Question 1142701
he bought x number of sheep for 9000.
the price per sheep is y.
therefore x * y = 9000


if the price was 100 less, he could have bought 3 more sheep for the same money.
the equation for that becomes (x + 3) * (y - 100) = 9000


you have 2 equations that need to be solved simultaneously.
they are:


x * y = 9000
(x + 3) * (y - 100) = 9000


simplify these equations to get:


x * y = 9000
x * y - 100 * x + 3 * y - 300 = 9000


replace x * y in the second equation with 9000 from the first equation to get:


9000 - 100 * x + 3 * y - 300 = 9000


the 9000 on both sides of the equation cancel out and you are left with:


-100 * x + 3 * y - 300 = 0


from the first equation of x * y = 9000, solve for y to get y = 9000 / x


in the second equation of -100 * x + 3 * y - 300 = 0, replace y with 9000 / x to get:


-100 * x + 3 * (9000 / x) - 300 = 0
multiply both sides of this equation by x to get:
-100 * x^2 + 27000 - 300 * x = 0
reorder this equation in descending order of degree to get:
-100 * x^2 - 300 * x + 27000 = 0
divide both sides of this equation by -100 to get:
x^2 + 3x - 270 = 0
factor this equation to get (x + 18) * (x - 15) = 0
solve for x to get x = -18 or x = 15
x has to be positive, so x = 15 looks like a possible solution.

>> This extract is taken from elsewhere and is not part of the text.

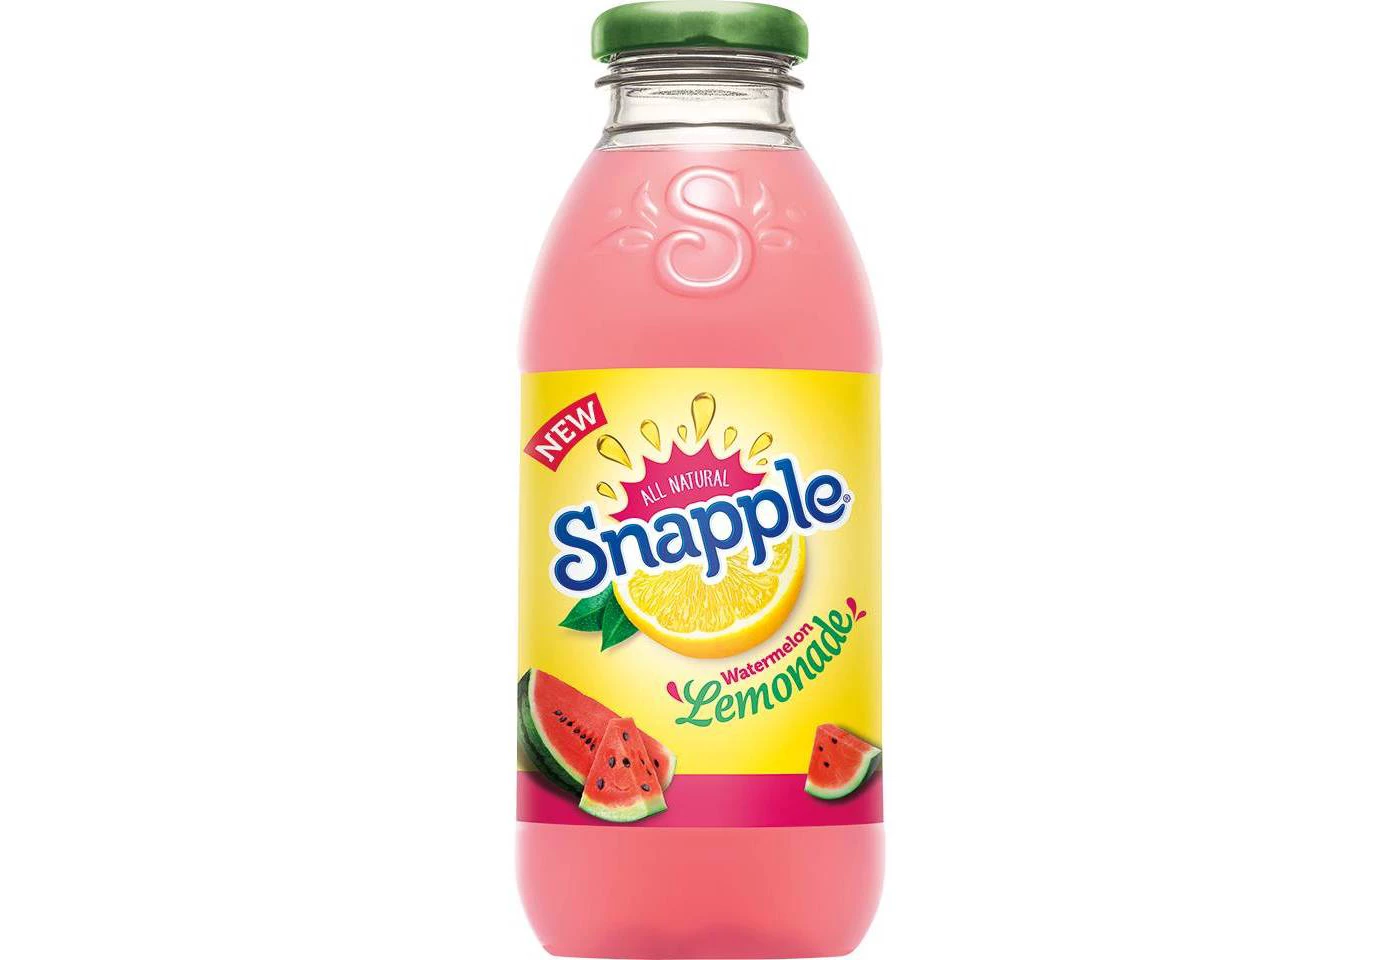 Snapple Watermelon Lemonade - 16 fl oz Bottle - image 1 of 1
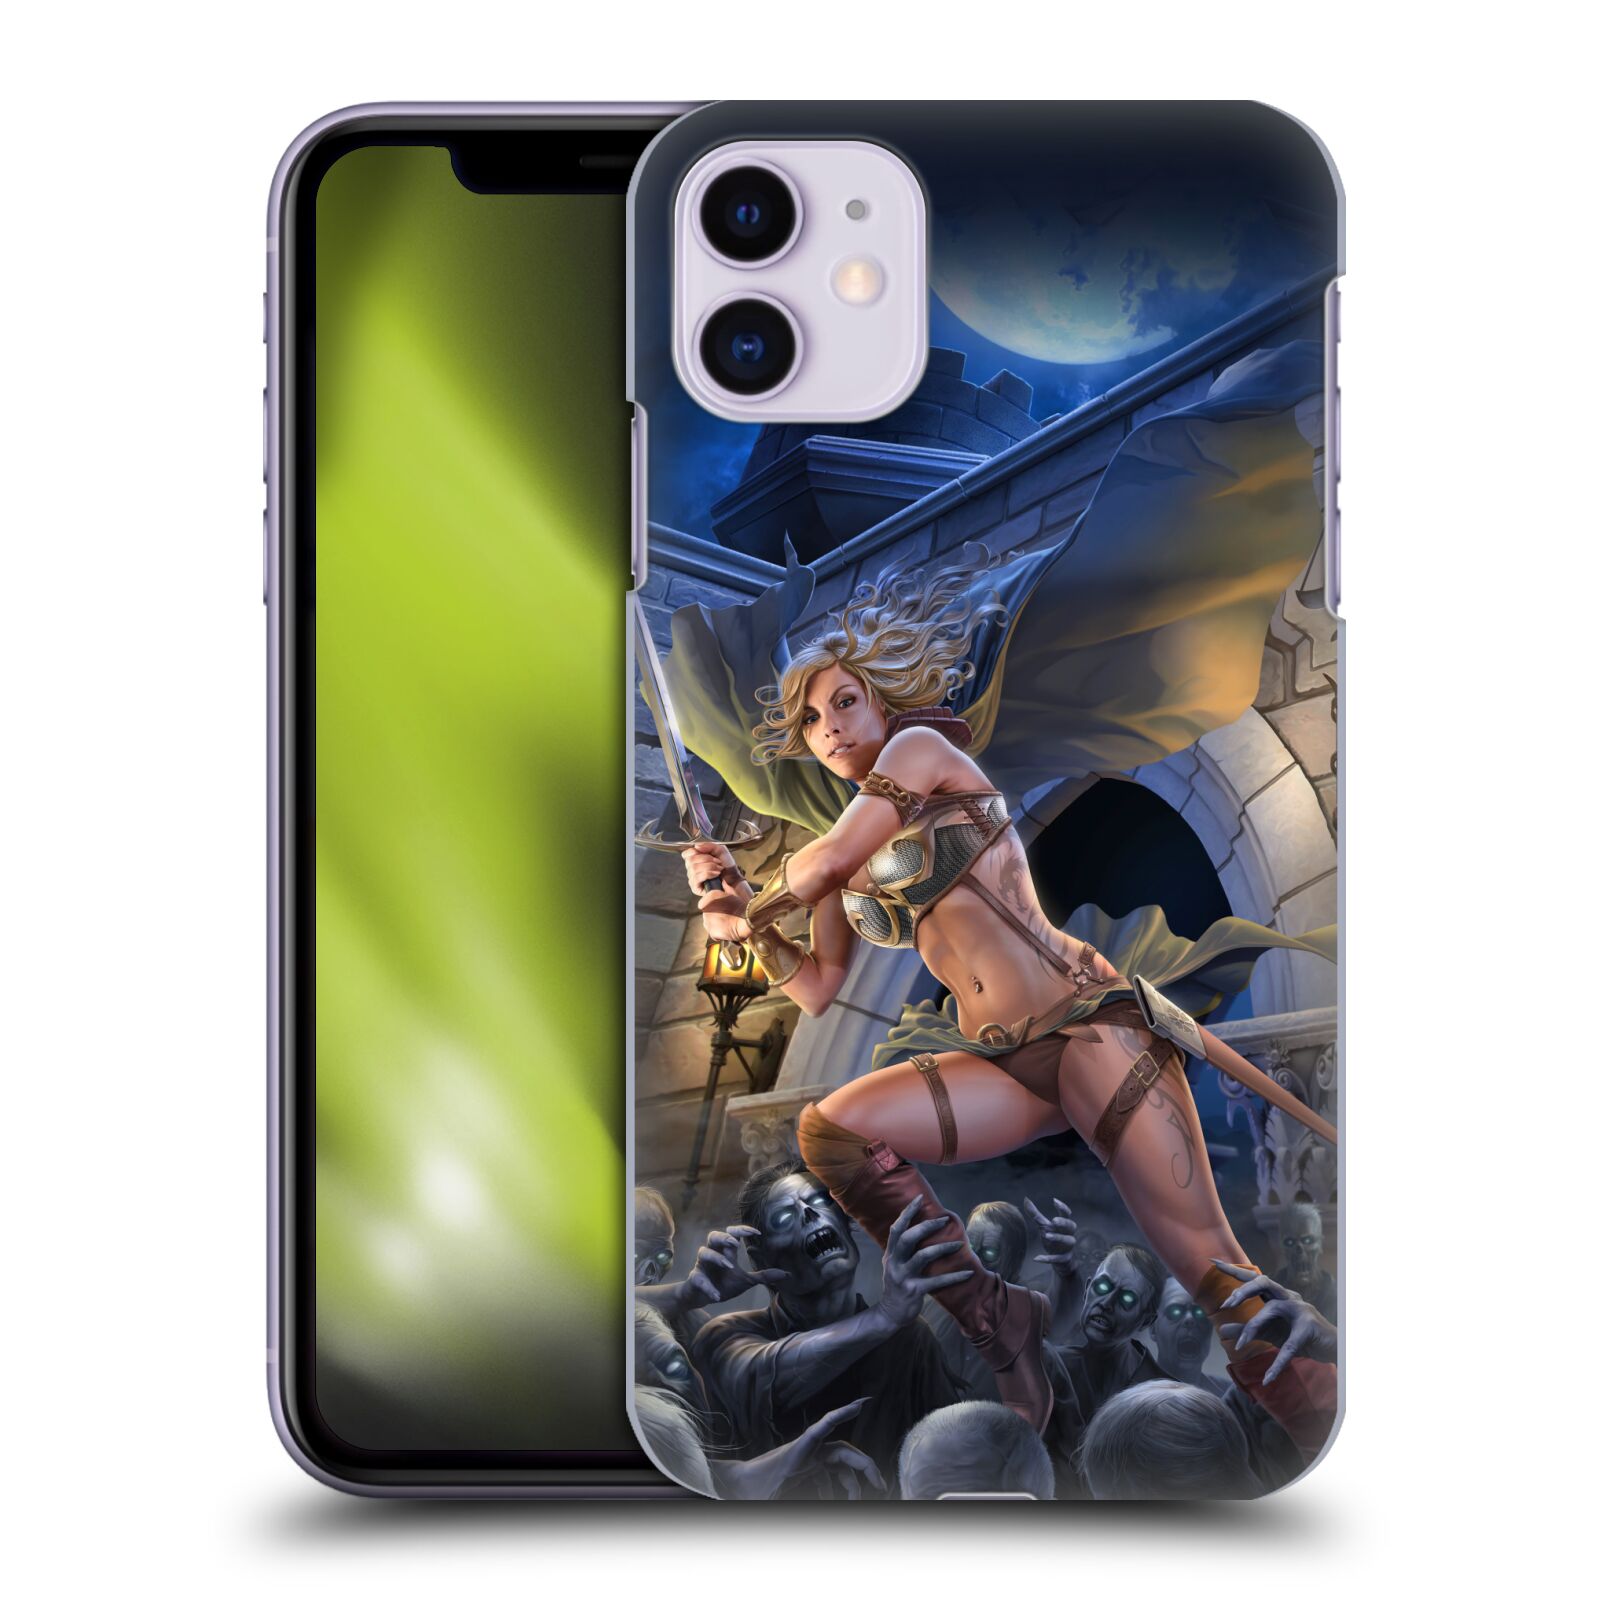 Pouzdro na mobil Apple Iphone 11 - HEAD CASE - Fantasy kresby Tom Wood - Princezna bojovnice a zombies

when x = 15, x * y = 9000 gets you y = 600.
you get:
x * y = 15 * 600 = 9000
(x + 3) * (y - 100) becomes 18 * 500 = 9000


solution is:
he bought 15 sheep at 600 apiece for a total cost of 9000.
if the price dropped 100 for each sheep, then he could have bought 18 sheep at 500 apiece for the same total cost of 9000.